1.Bacillus subtilisにおけるピリミジン生合成経路の調節機構

 B.subtilisのUMP生合成系酵素は、培地にウラシルやシチジンなどのピリミジン系物質を添加することによって、同時的に抑制されることが知られている。しかしながら、培地に添加されたシチジンは、菌体の内外に存在する分解酵素の作用によって、容易にウラシル系物質に変換されるので、従来の知見からは、酵素合成の抑制に関与する、より直接的な因子がウリジン系物質なのか、シチジン系物質なのかを区別することが困難であった。
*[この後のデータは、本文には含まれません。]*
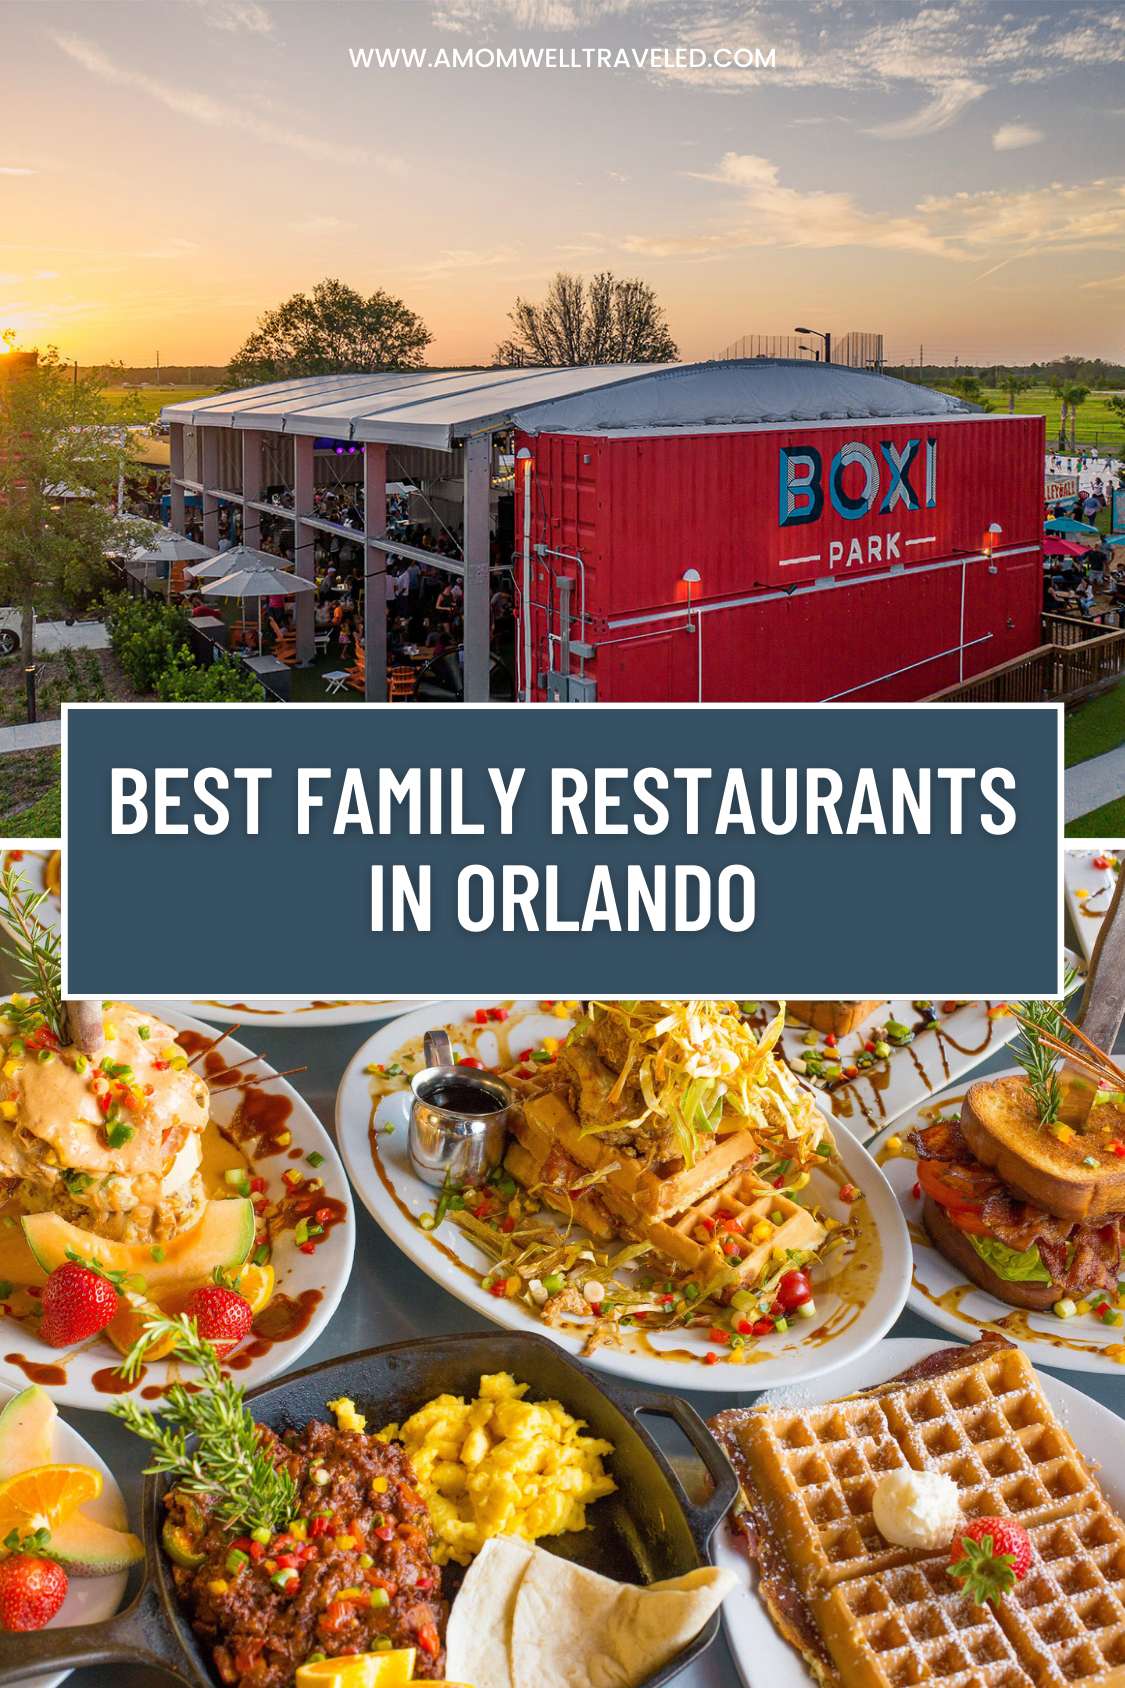 Best places to eat in Orlando for families
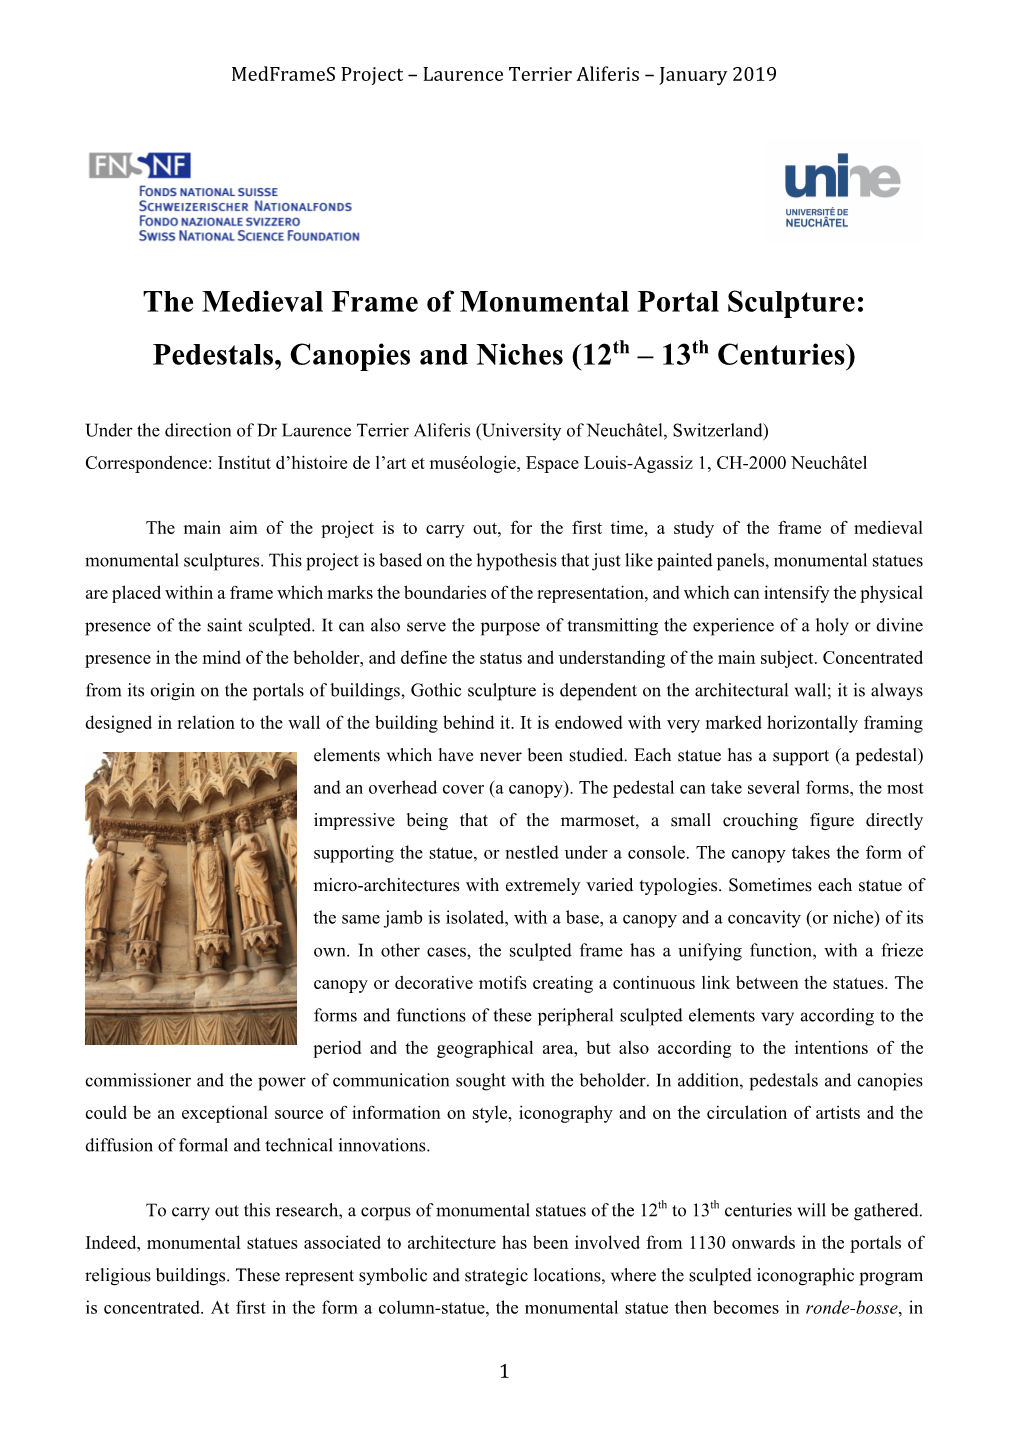 The Medieval Frame of Monumental Portal Sculpture: Pedestals, Canopies and Niches (12Th – 13Th Centuries)

 本研究では、B.subtilisのシチジンデアミナーゼ欠損株を用いて、この点の区別を試み、UMP生合成系酵素は、シチジン誘導体では抑制されず、ウラシル系物質によってのみ抑制されることを明瞭に示すことに成功した。さらに、これまで不明であったUTPからCTPの合成反応を触媒するCTP合成酵素の調節機構についても検討を加え、この酵素は、シチジン系物質により合成が抑制され、CTPにより活性が阻害されることを明らかにした。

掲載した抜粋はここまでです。